_Prompt_. Every line of the listing below should come back exactly as written, with no images.

_Provided data_.
● ● ● ●
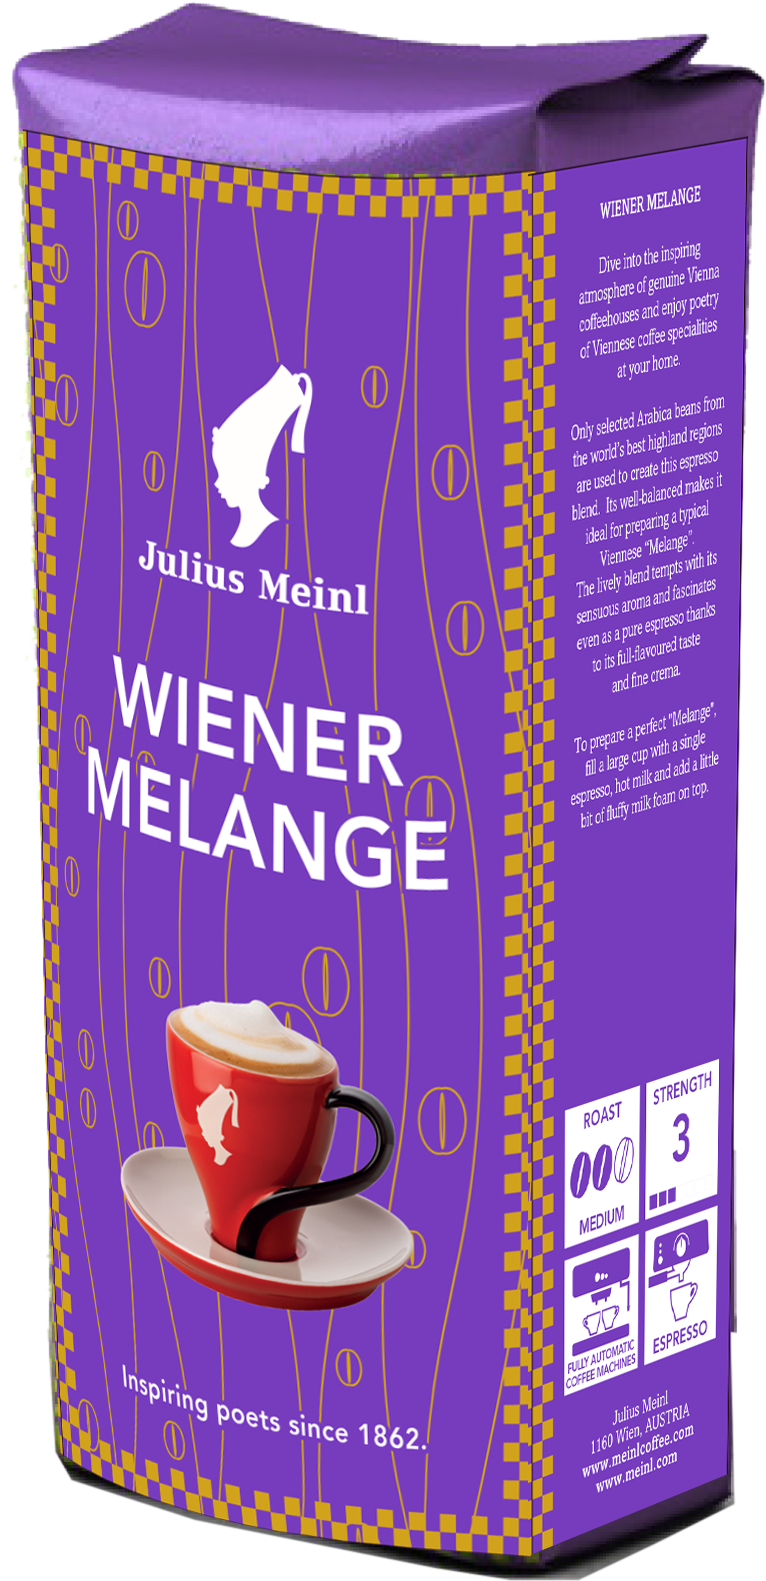 Viennese Melange Julius Meinl. Джулиус Майнл кофе в зернах. Julius Meinl растворимый кофе. Кофе Julius Meinl Espresso. Julius meinl в зернах купить
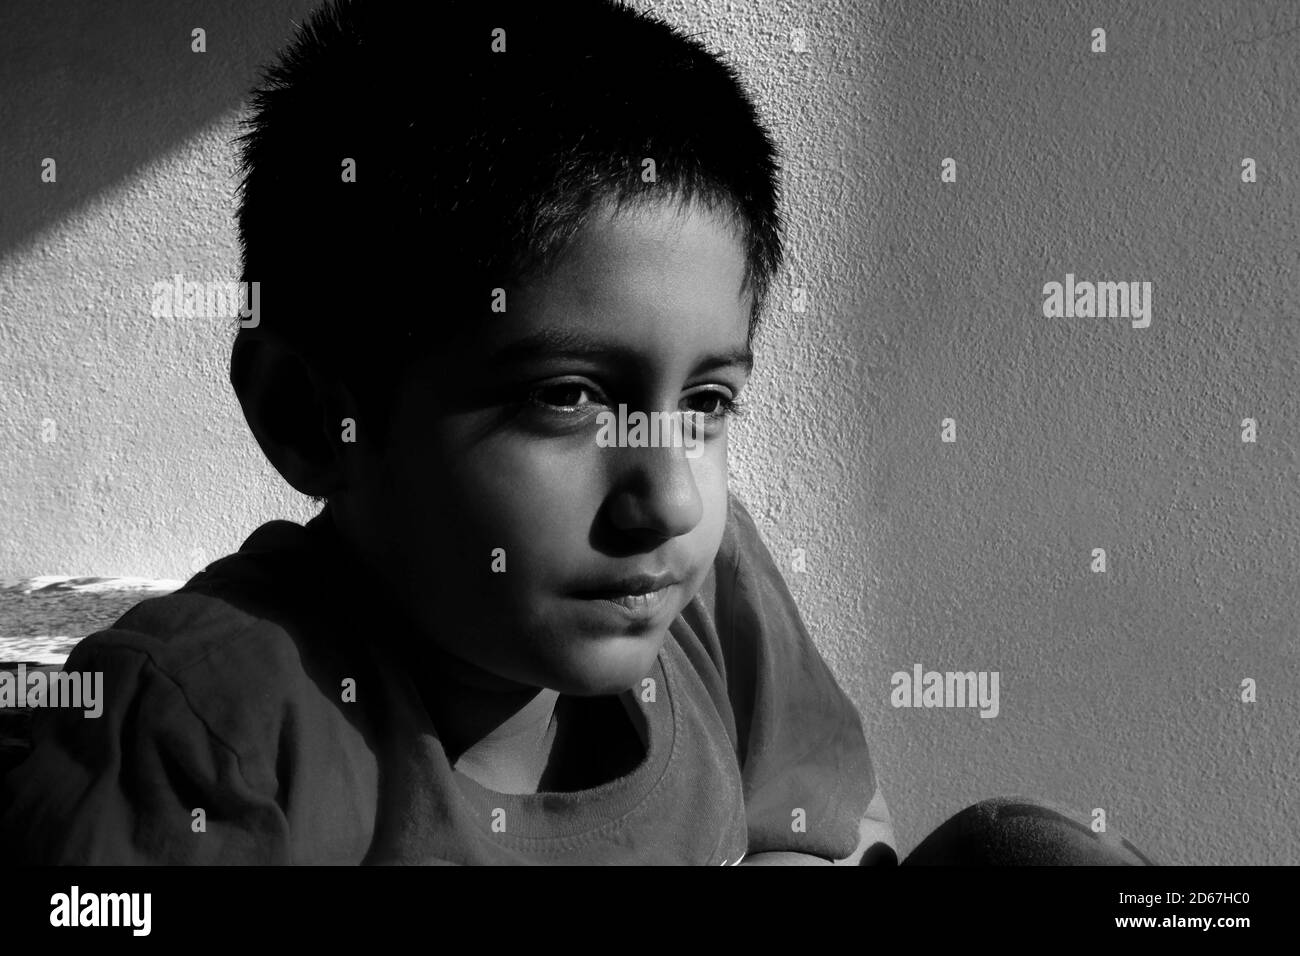 Eine Nahaufnahme eines indischen Jungen, der Schlüssellicht im morgendlichen Schwarz-Weiß-Foto sieht, Kalaburagi, Karnataka/Indien-Oktober 09 2020 Stockfoto
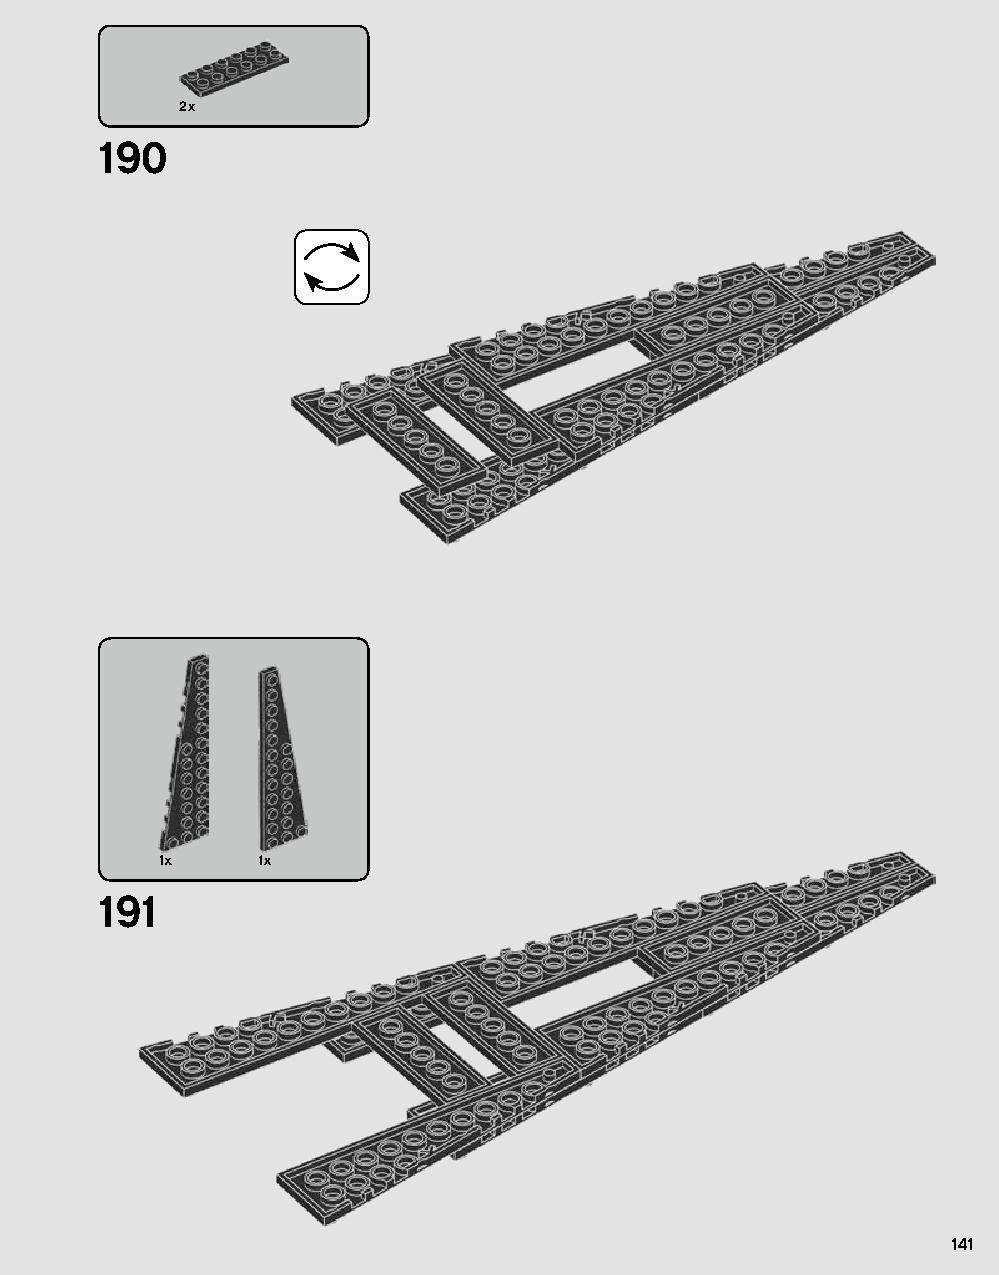 스타워즈 다스베이더 캐슬 75251 레고 세트 제품정보 레고 조립설명서 141 page
● ● ● ●
_Problem solution_.
 Viennese Melange Julius Meinl. Джулиус Майнл кофе в зернах. Julius Meinl растворимый кофе. Кофе Julius Meinl Espresso. Julius meinl в зернах купить
 Eine Nahaufnahme eines indischen Jungen, der Schlüssellicht im morgendlichen Schwarz-Weiß-Foto sieht, Kalaburagi, Karnataka/Indien-Oktober 09 2020 Stockfoto
 스타워즈 다스베이더 캐슬 75251 레고 세트 제품정보 레고 조립설명서 141 page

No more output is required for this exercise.